Осторожно высвободив одну руку, она сняла с его головы незнакомую ей пропыленную кепку.
— Сейчас я принесу вам воды умыться. И ключ принесу, — звенел около него ее грудной голос. — А лучше пойдемте пока к нам, — предложила она, чувствуя, как тяжело ему входить в нежилую квартиру. — Сейчас Елена Денисовна придет и Денис Антонович. Скоро обеденный перерыв.
— Спасибо, Варюша! Я все-таки лучше к себе пройду сначала.
62
Варвара принесла ведро тепловатой воды, мыло, большое махровое полотенце и тут же, у крыльца, затененного невысокими кустами, помогла Ивану Ивановичу умыться.

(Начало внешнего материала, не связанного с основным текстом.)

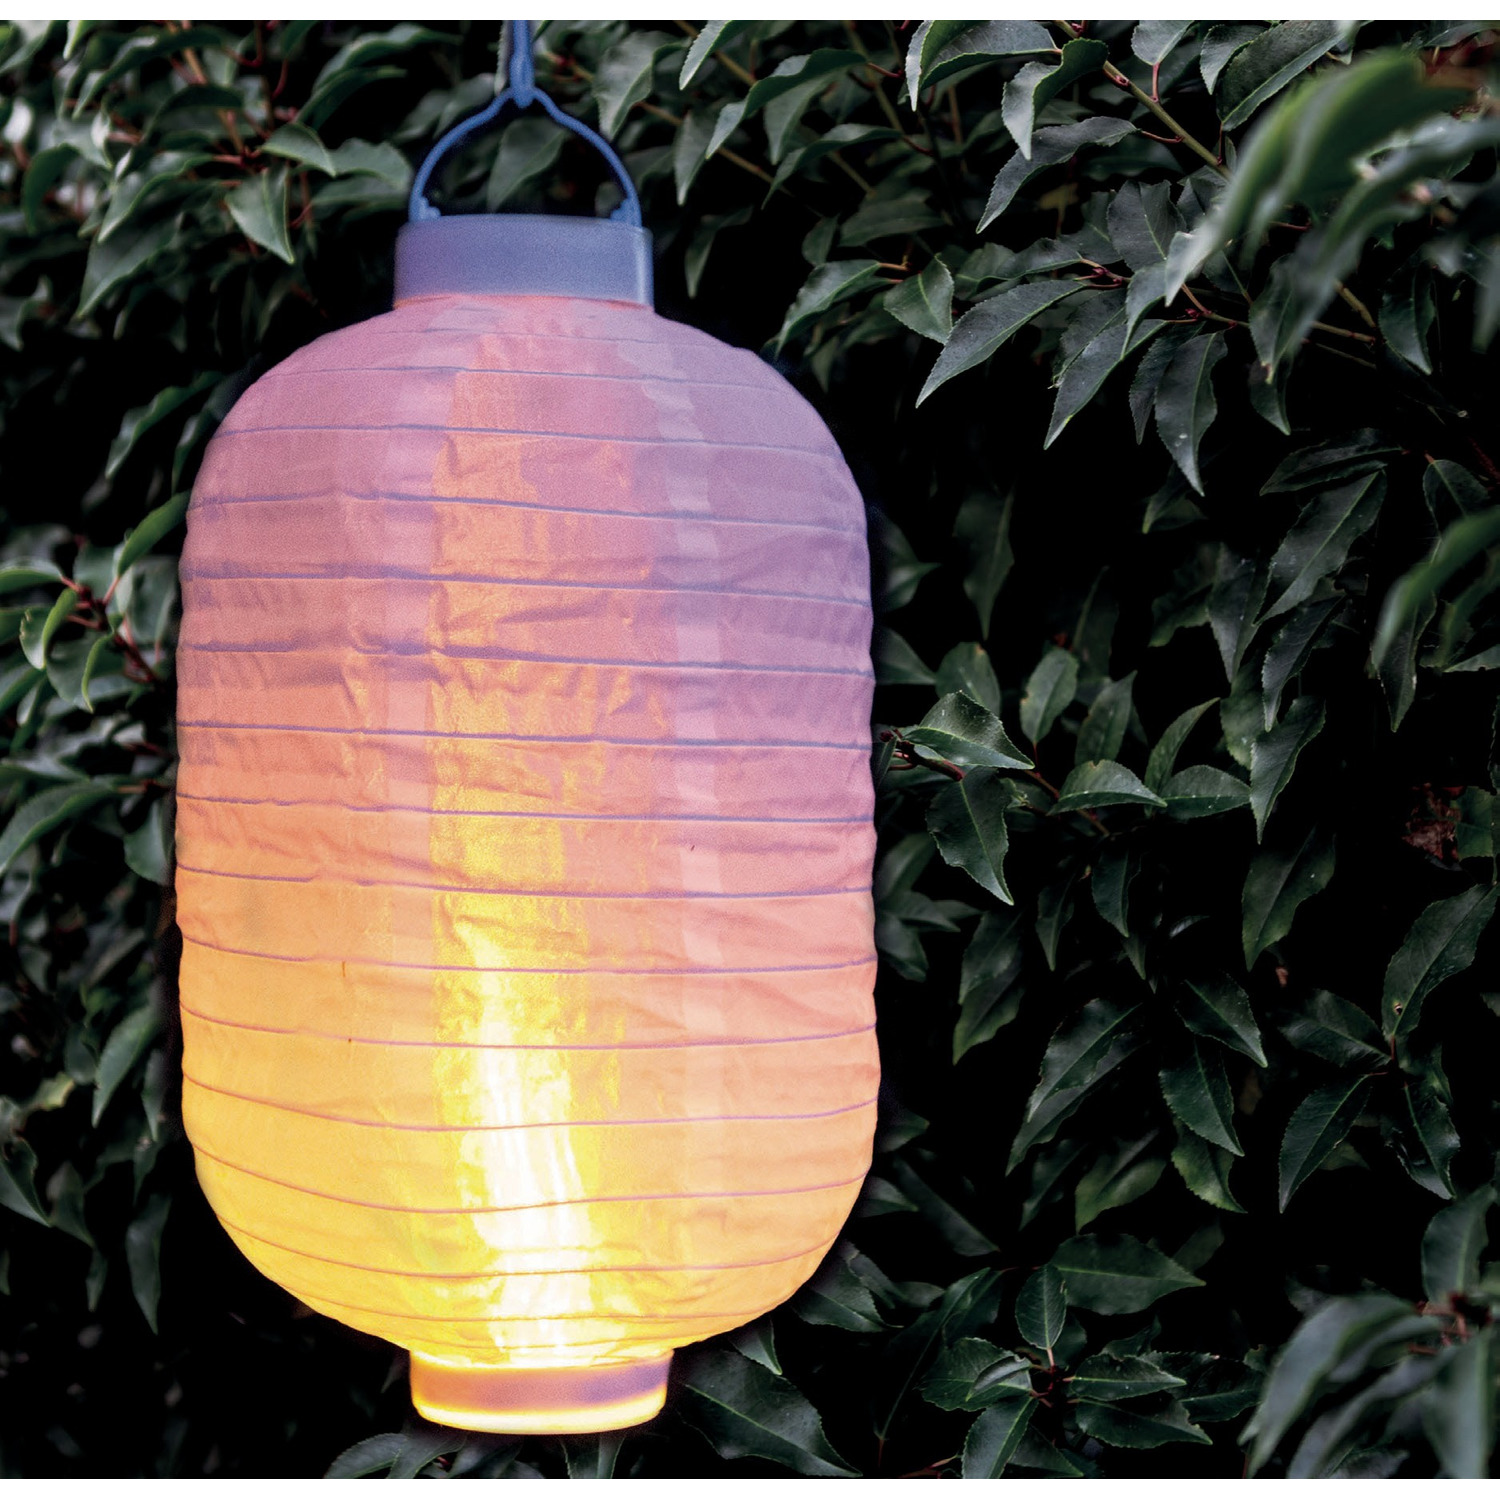 6x stuks luxe solar lampion/lampionnen wit met realistisch vlameffect 20 x 30 cm
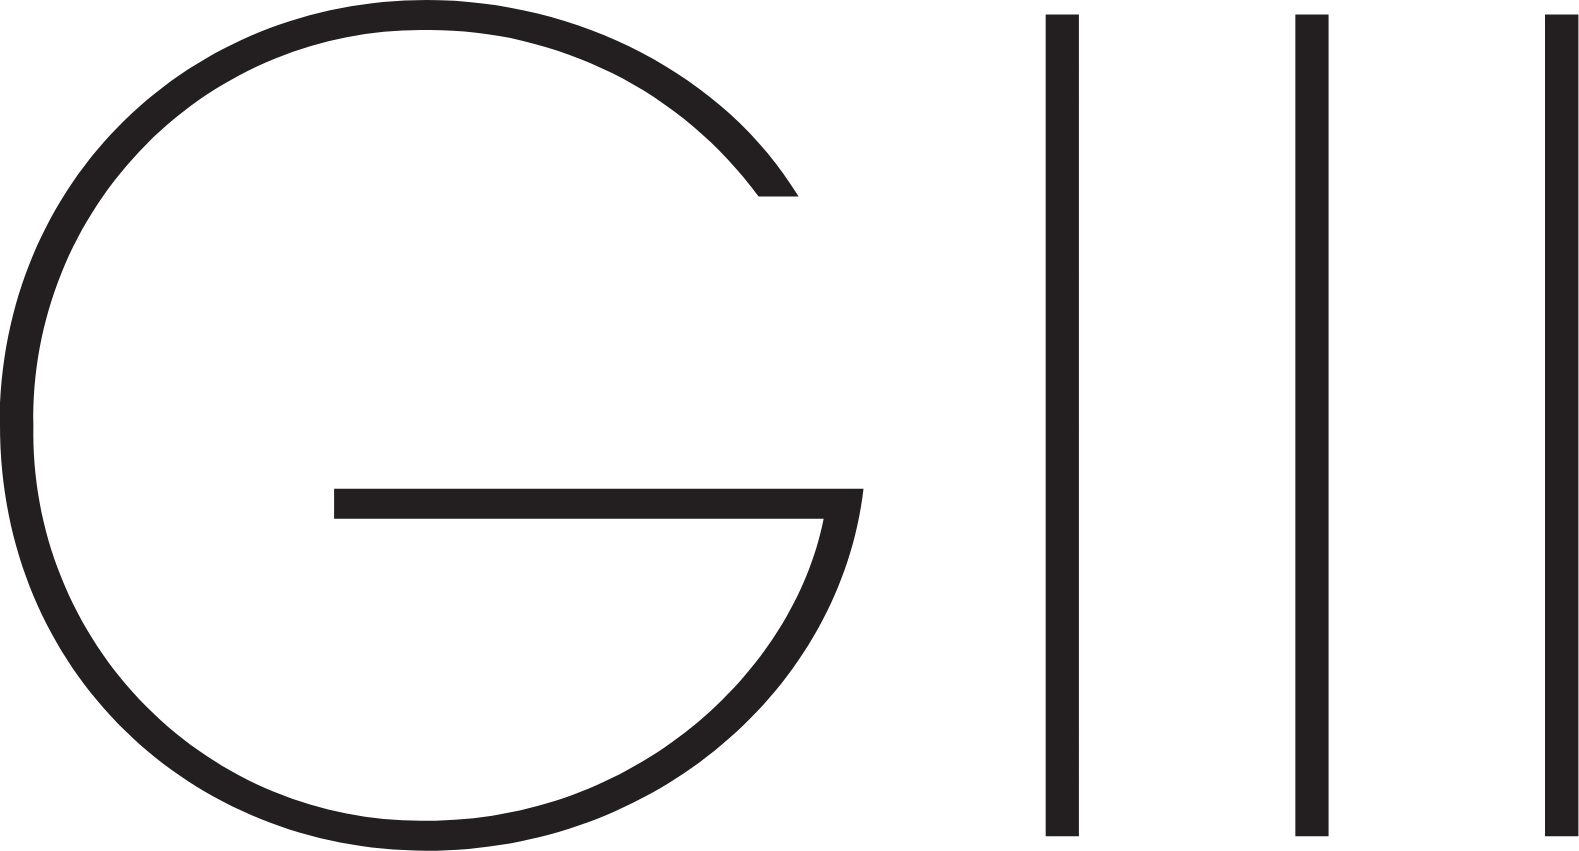 G-III Apparel Group logo (transparent PNG)

Она стояла на ступеньке в белых тапочках и, придерживая подол легкого цветастого платья, поливала из ковша на его руки и склоненную голову. Она не позвала Никиту, который вместе с вещами остался в квартире Хижняков. Девушка не знала, что Никита нарочно задержался там, постеснявшись мешать ее свиданию с человеком, которого она любила…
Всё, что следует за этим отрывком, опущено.